The Orthodox journal Tradition argues that we must get vaccinated after consulting leading Rabbinic authorities. R. Moshe Ehrenreich, R. Yosef Carmel, R. Zalman Nechemiah Goldberg, R. Nachum Rabinovitch, and R. Yisrael Rosen say, “If the vast majority of the physicians in the world and in Israel state unequivocally that one must vaccinate, this becomes halakha, like any halakha, and perhaps even more so because it is known that we act more stringently with dangers than with prohibitions.” R. Hershel Schachter says: “If a democratic government ultimately legislates that a COVID-19 vaccination is safe for the general public or specific populations, people must comply with this ruling. Jews who refuse to abide by government-mandated vaccination endanger all of society and cause hillul Hashem.” To refuse vaccination desecrates God by acting unhelpfully in front of others.

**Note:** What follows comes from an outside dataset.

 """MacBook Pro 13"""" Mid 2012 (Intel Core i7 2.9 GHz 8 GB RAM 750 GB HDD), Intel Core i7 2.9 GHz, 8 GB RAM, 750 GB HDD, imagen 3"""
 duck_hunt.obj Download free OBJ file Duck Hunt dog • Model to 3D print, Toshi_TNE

That explains a lot. I don’t know who Dennis Prager would have been at the Łódź Ghetto, Sobibor, or hiding in the forests. The spectrum includes so many, from Łódź Ghetto Director Chaim Rumkowski to Auschwitz’s 12th Sonderkommando to the angels and the devils to the living and the dead. Few know who they truly would have been when ethics ceased.
We may not know who we would have been then, but what we do know is who we are now during COVID-19. So, I ask: Why are you writing off the “derech” (path), Dennis?
PS: I wish you a speedy recovery with your health intact.